Practice Makes Perfect – or Not?

Being a glutton for learning (and always looking for something to read), I recently put aside my collection of best sellers and dove into How We Learn and the Surprising Truth About When, Where, and Why It Happens, by Benedict Carey. A science and medical reporter for the New York Times, Carey presents a light-hearted approach to re-evaluating some of our common assumptions about how best to study and learn. You know the drill – Find a quiet place to study, without distractions. Put away your electronic devices. Study in the same place every day. Make studying into a routine. Sound familiar?

After a detailed description of brain biology, Carey presents research to support the following ideas:

  • Any memory has two strengths – a storage strength and a retrieval strength. Storage strength is a measure of how well learned something is. It builds up steadily with studying and more sharply with use. When you deliberately commit something to memory (like your address or Social Security number), it’s there forever. Retrieval strength is a measure of how easily some piece of information comes to mind. It, too, increases with studying and with use. Without use, however, retrieval strength drops off quickly.


  • The environment (or context) in which a memory is formed (or something is learned) has an impact on retention. When content is learned in a variety of environments, recall improves because your brain has more “cues” with which it can make connections.


  • People learn more and retain it much longer when study time is “distributed” or broken into small sessions. You learn faster by studying for three, 10-minute sessions over a period of three days than by “cramming” for 60 minutes. You don’t work any harder or longer, but you remember more for a longer period of time. The most effective way to build a knowledge base is to review the information one or two days after initial study, then a week later, then a month later, then less often.


  • The harder your brain has to work to dig out a memory, the greater the increase in learning retrieval and storage strength. Things are impressed better by active than by passive repetition. If you are trying to memorize something, read it for about 30% of your study time and then practice reciting it out loud from memory for the remaining 70% of the time.

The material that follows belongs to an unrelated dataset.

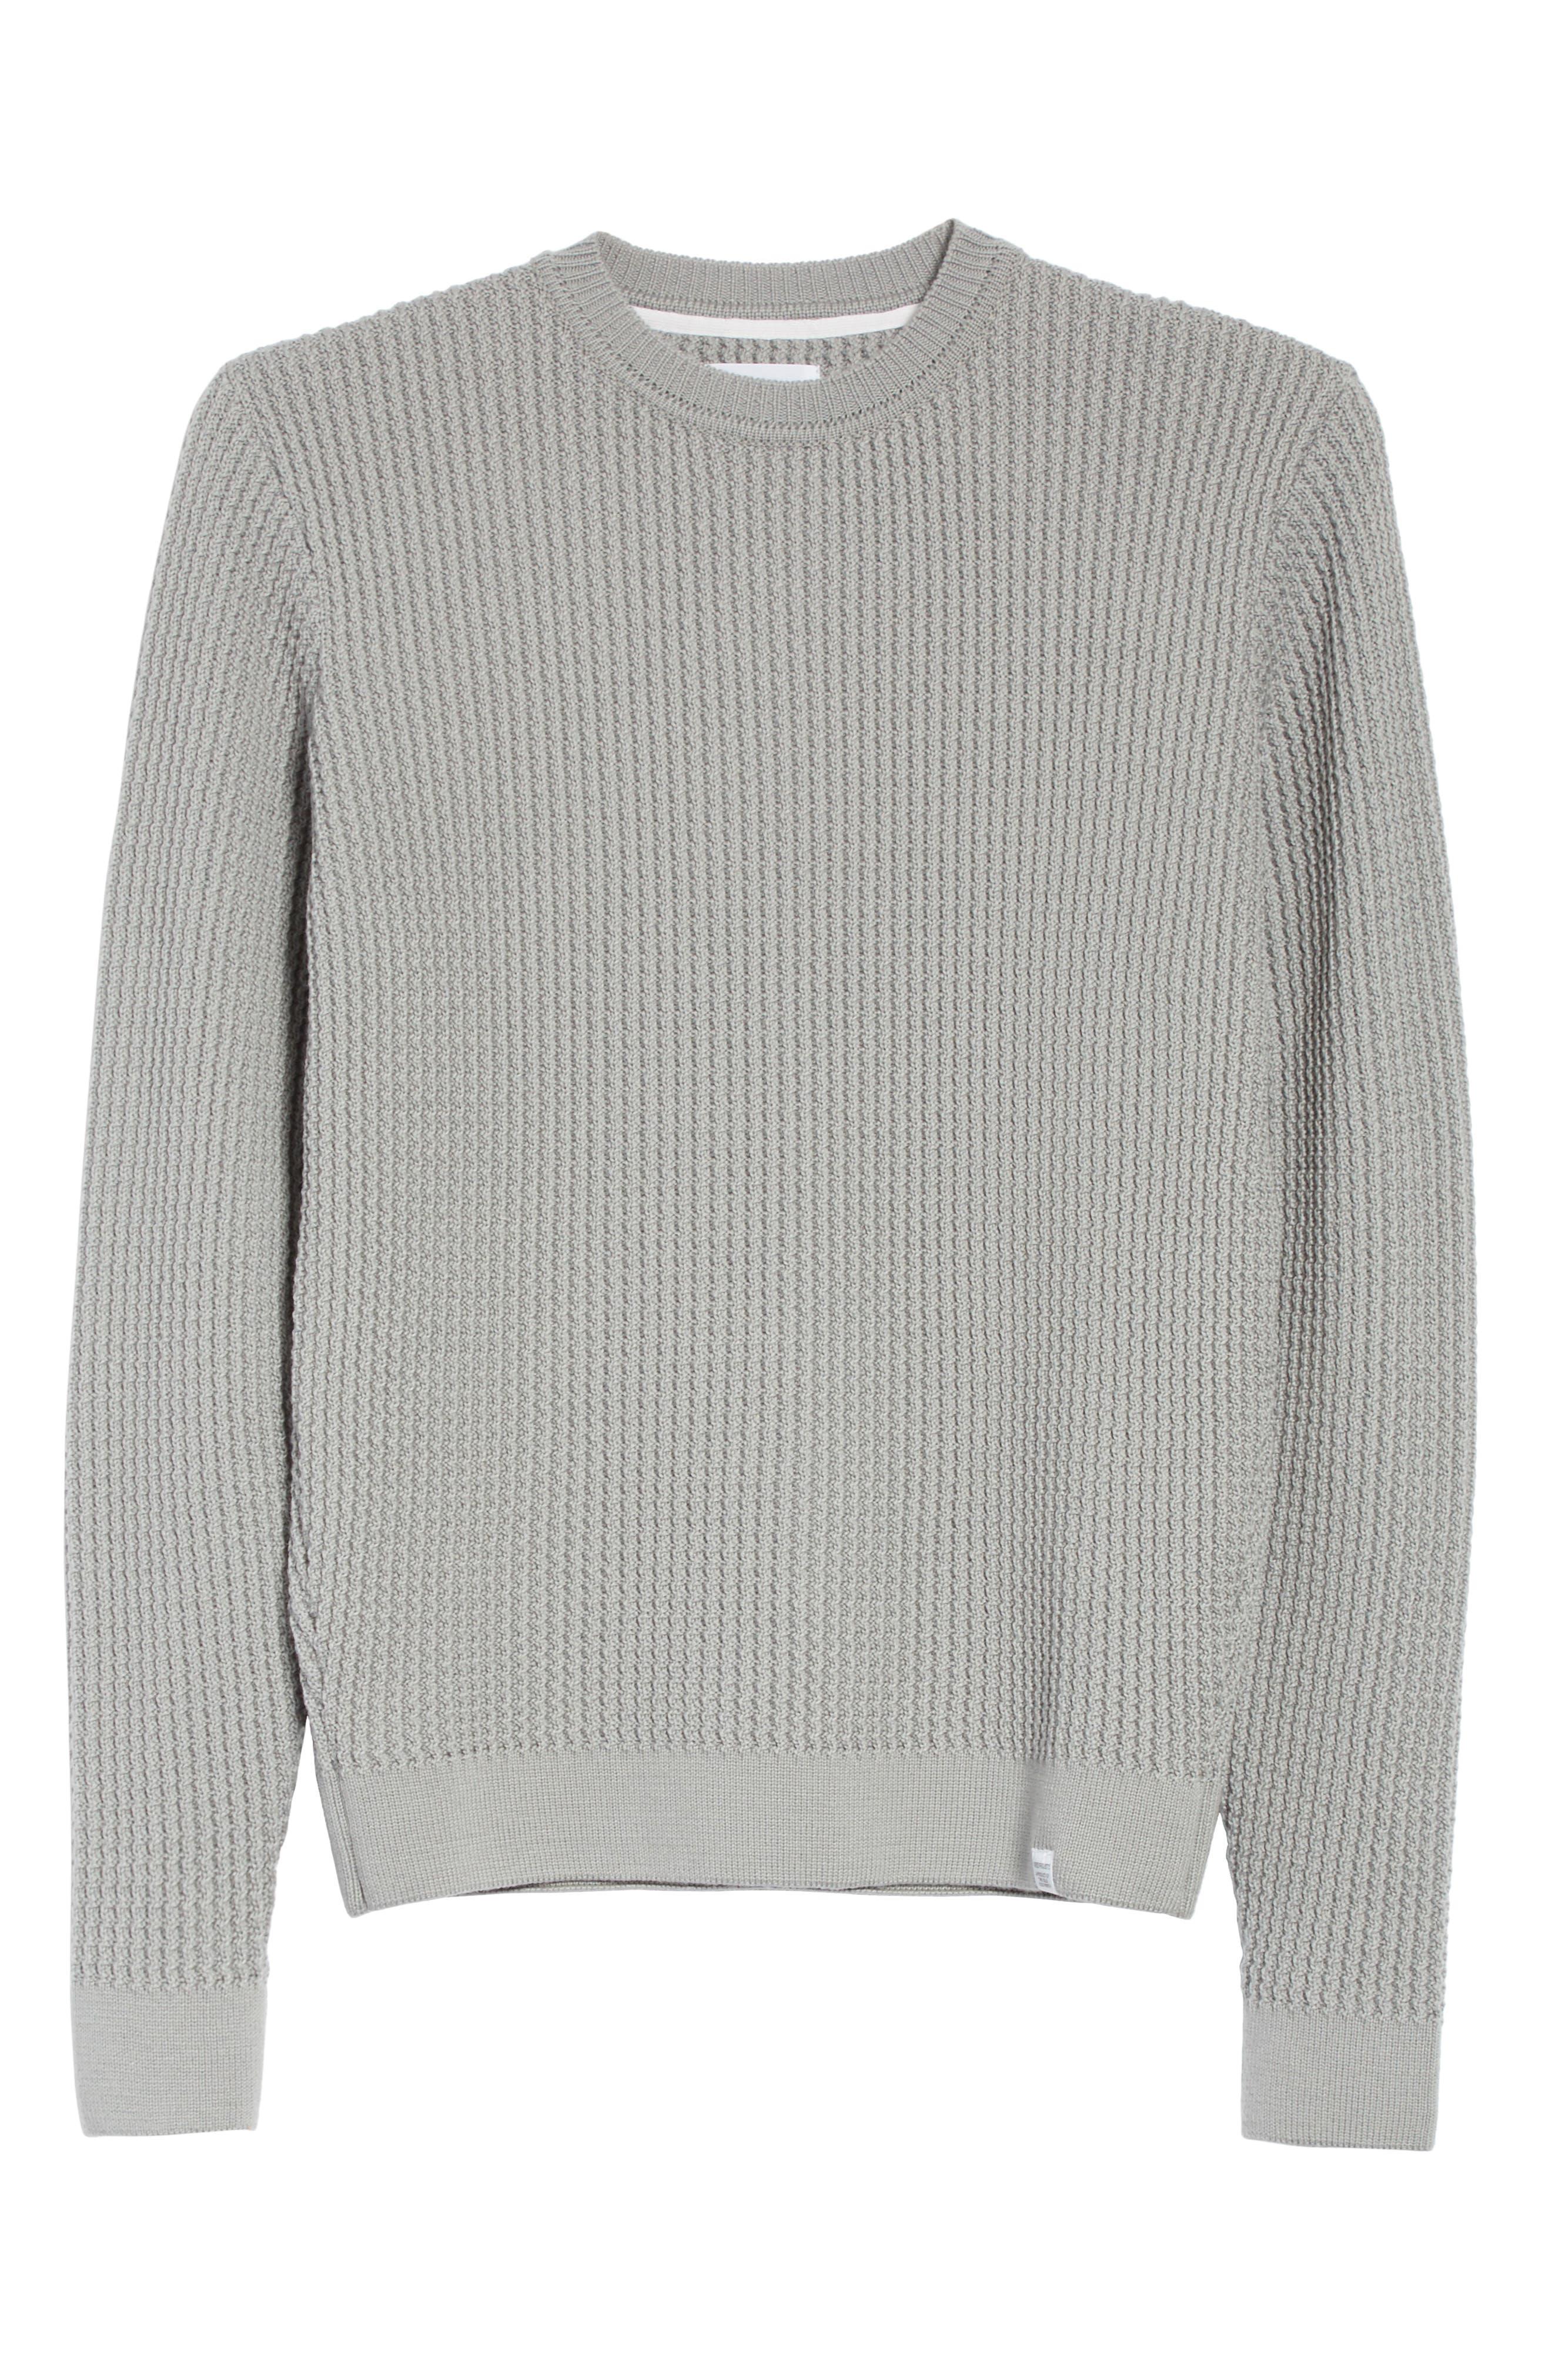 Sigfred Merino Wool Sweater,                             Alternate thumbnail 6, color,                             025

  • Any form of testing, even self-testing, has a profound effect on final performance. Pretesting, even guessing, engages your brain in a different way than straight memorization does and deepens the impact of the correct answers.


  • Creative problem solving involves a series of mental steps:
    • Preparation – the initial time you spend wrestling with a problem and working to a point where you’ve exhausted all ideas
    • Incubation – the time which begins when you put the problem aside and don’t think about it deliberately (though your brain is thinking about it subconsciously)
    • Illumination – the “aha” moment when the solution appears to you
    • Verification – checking to make sure your results are correct and work


  • Being interrupted while working on an assignment makes the experience more memorable. Once people become absorbed in a task, they have an urge to finish. It keeps the task “top of mind.” Assigning five short papers on a given topic during a semester results in more learning than assigning a single term paper at the end. We should start work on large projects as soon as possible and stop when we get stuck; this keeps the project foremost in our minds and allows ideas to percolate.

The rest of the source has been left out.